The Annales also record a Muslims naval attack on Pisa in 1004 and a Pisan victory over the Muslims off Reggio in 1005.

The Muslim assault of 1004 may have originated in Spain, or it may have been a typical pirate raid.

The Pisan attack was likely a response, and perhaps a serious attempt to put an end to Muslim piracy, for which Reggio served as a perennial base.

An embassy from the emperor Basil II to the court of the caliph Hishām II in 1006 had released some Andalusian soldiers who had been captured off the coasts of Corsica and Sardinia.

Together with Sicily, Corsica and Sardinia comprise the "route of the islands”, which links the north Italian towns to the markets of northern Africa and the eastern Mediterranean.

Without control of the islands the expansion of Pisan and Genoese mercantile ventures would have been severely hampered.

The rise of Pisan and Genoese trading in connecton with increased military activity, especially against the enemies of the Church, has a contemporary parallel on the other side of Italy in the burgeoning Republic of Venice.

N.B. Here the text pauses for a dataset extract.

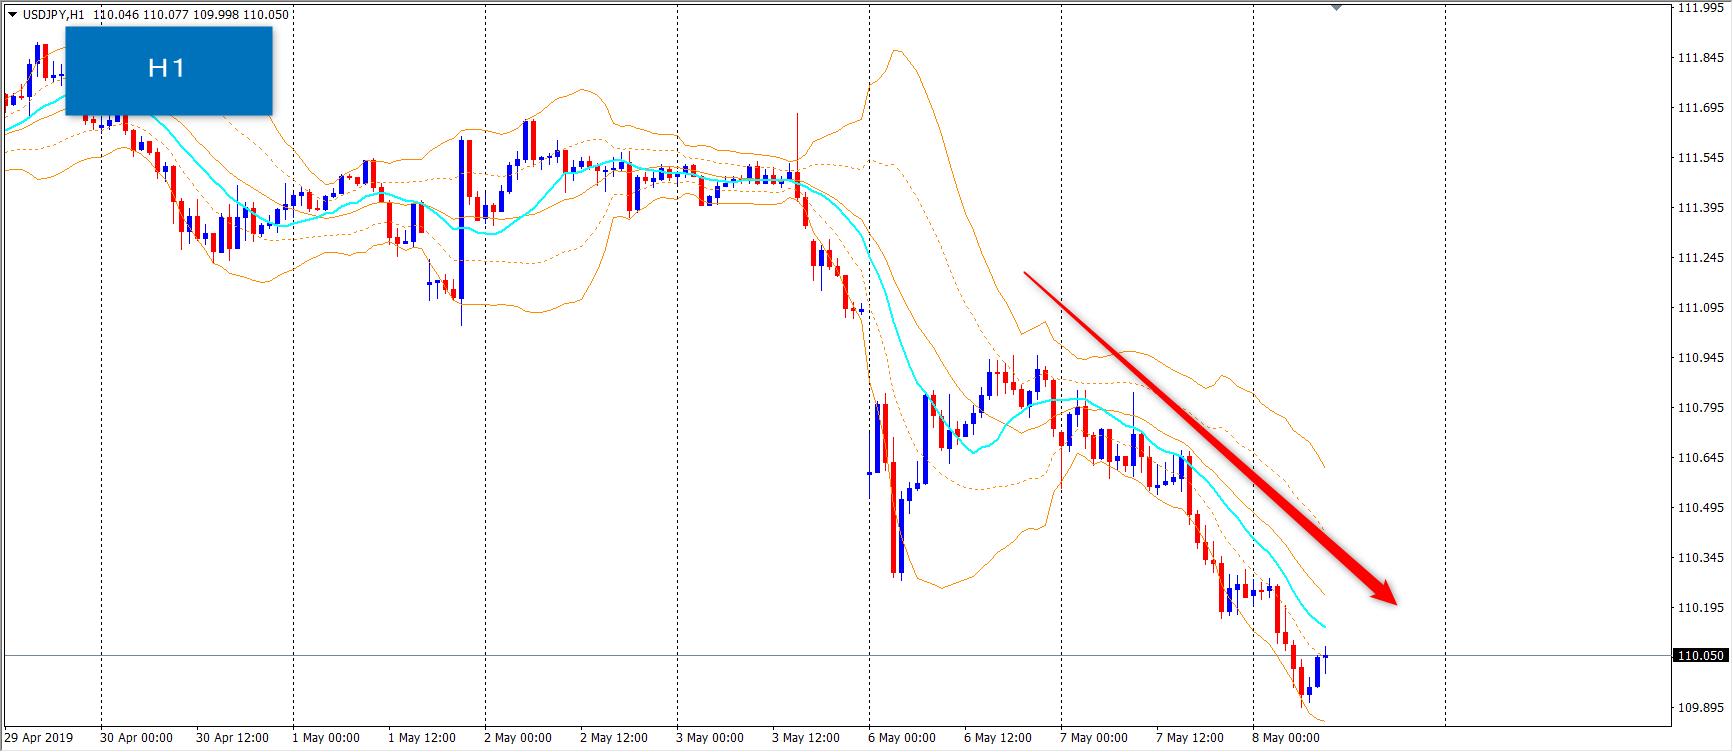 ドル円は下落傾向

The Pisan annals record that a "fleet from Spain" came in 1011 to destroy the city, which suggests that the aggression was planned and organized and not merely a piratical raid.

The most probable source of the fleet is the port of Denia, ruled by Mujāhid al-‘Āmirī (Mogehid).

According to the chronicle of Ibn ‘Idhārī, Mujāhid had received Denia from the Córdoban hājib Muhammad Ibn Abī ‘Āmir al-Manṣūr, who died in 1002.

It is unclear from Ibn ‘Idhārī whether Mujāhid conquered the Balearics from his base at Denia, or whether he took control of Denia from a base in the Balearics.

A Muslim enclave had perhaps been established by Mujāhid's predecessor as ruler of the Balearics around 1000.

Pope John VIII, since Sardinia lay directly across the Tyrrhenian Sea from Rome, had urged the Christian lay powers to expel the Muslims from the island in 1004.